Por alguna razón que desconocía, disfrutaba poniéndolo en aprietos.

—Me lo pidió expresamente. Me dijo que quería que su biografía fuera escrita por ti.

—¿Estás bromeando?

—No, no bromeo.

—Siendo de Bilbao, puede comprenderse, pero aun así... —mi intervención fue espontánea. Tenía esperanzas de que Mateo la entendiera y pudiéramos quitar aquella tensión que sobrevolaba la entrevista.

Me miró con extrañeza.

—Es una broma. Los de Bilbao..., ya sabes el chiste ese..., que nacemos donde queremos... Es igual.

No entendía el chiste y explicárselo era una ardua tarea. Abandoné. Sonrió de aquella manera especial, ladeando un poco la boca, en ese gesto que anteriormente había detectado inseguro, impostado. Sabía que me ocultaba algo. Lo sabía porque era absurdo que un hombre de ochenta y tantos años le hubiera hecho prometer a su hijo que yo escribiría su biografía. Y quizás fue precisamente eso lo que me hizo interesarme por aquel despropósito.

Mateo Martínez-Lezo hablaba como hablan las personas que viven solas: de un modo torrencial, administrando muy bien lo esencial y lo prescindible. Me alejaba de mis dudas llevándome a su terreno.
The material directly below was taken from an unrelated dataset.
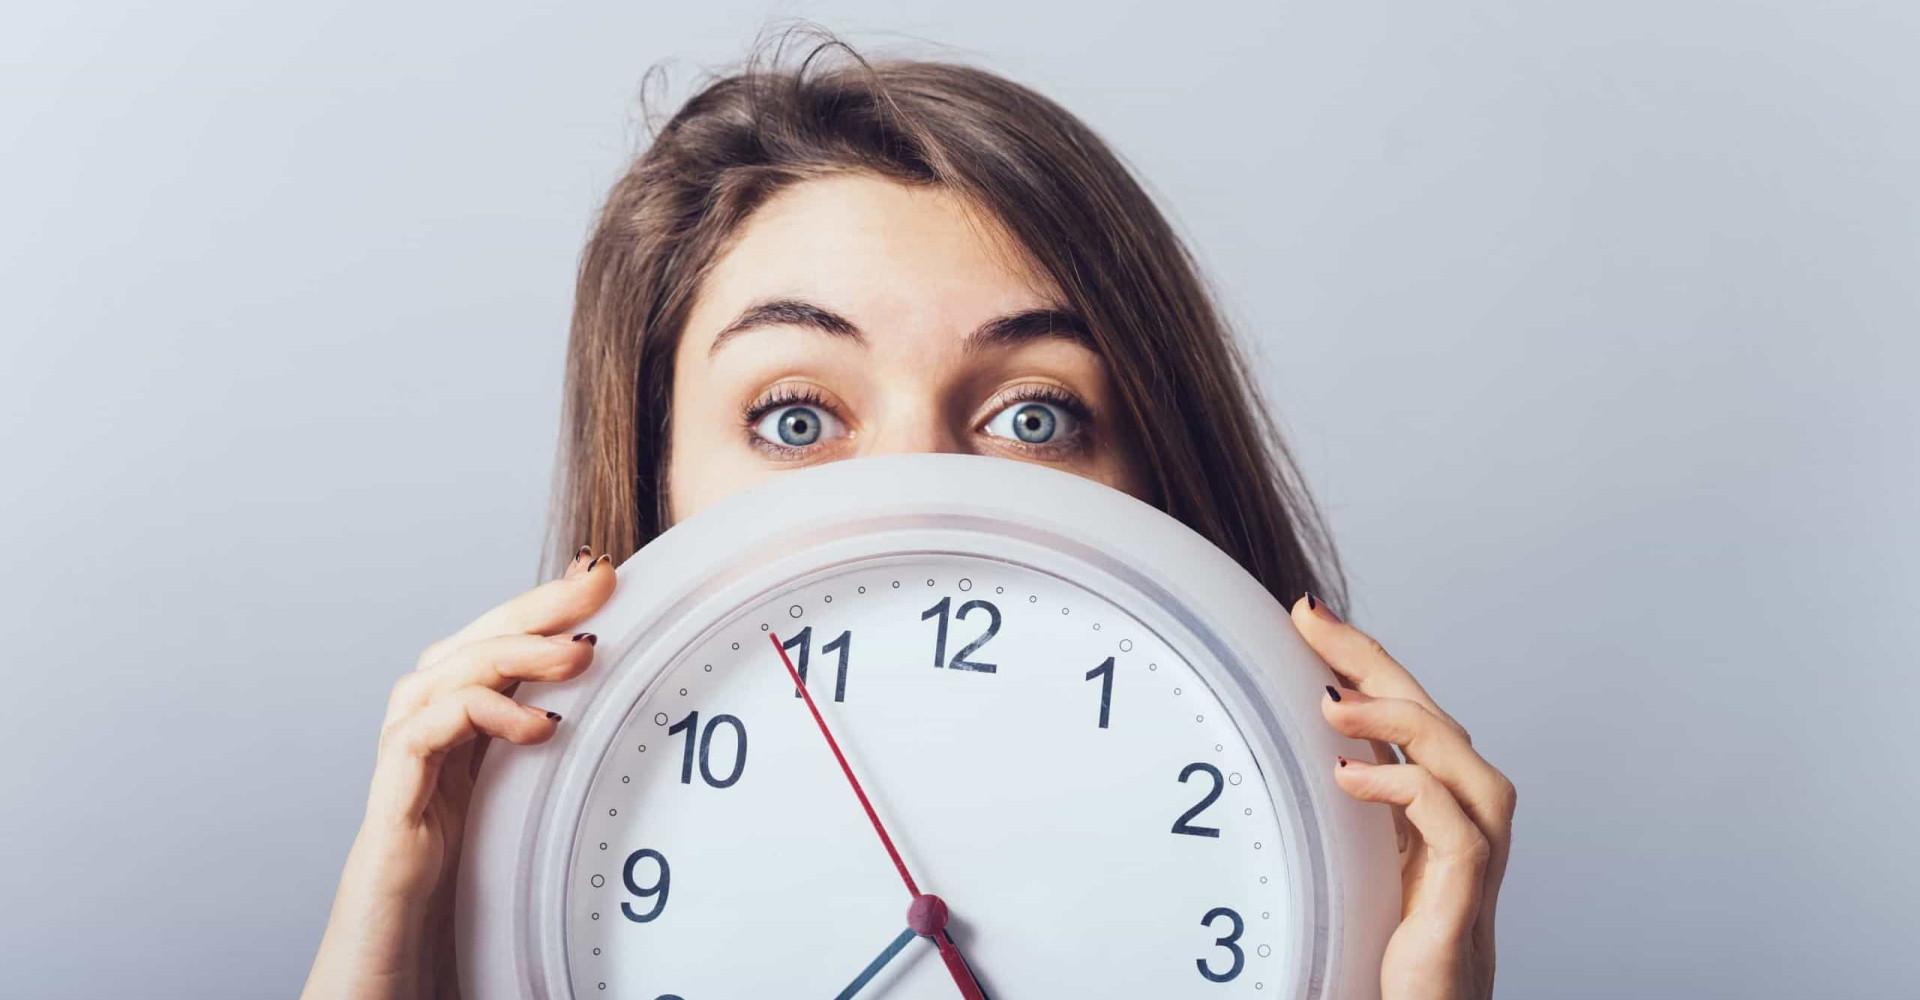 Warum die Zeit schneller zu vergehen scheint, je älter wir werden

Me abandoné y siguió enredándome en la historia de su padre, en cómo había sido su último año, su enfermedad.

Me faltaban piezas en aquel rompecabezas y me inquietaba tener que buscarlas, pero hacía mucho tiempo que no me enfrentaba a un reto.

Muy oportunamente se escuchó el sonido de su móvil. Volvió a pedirme disculpas y después de mirar la pantalla comenzó a hablar en francés. Se levantó y haciendo una serie de gestos exagerados se fue hacia el vestíbulo del hotel. Los interpreté a mi modo: «Querida Carmela, es una llamada de compromiso que no puedo dejar de atender y no te digo lo oportuna que ha sido porque como tú y yo sabemos, la voluntad de mi padre no hay quien la entienda, y eso de que te quiere a ti sin conocerte a ver cómo te lo explico».

Yo, por mi parte, pensaba en contarle a Ernesto que aquel encargo venía nada menos que de México. Lo que no iba a decirle era lo guapo que me estaba pareciendo Mateo, y lo estupendo que tenía el culo que veía en ese momento.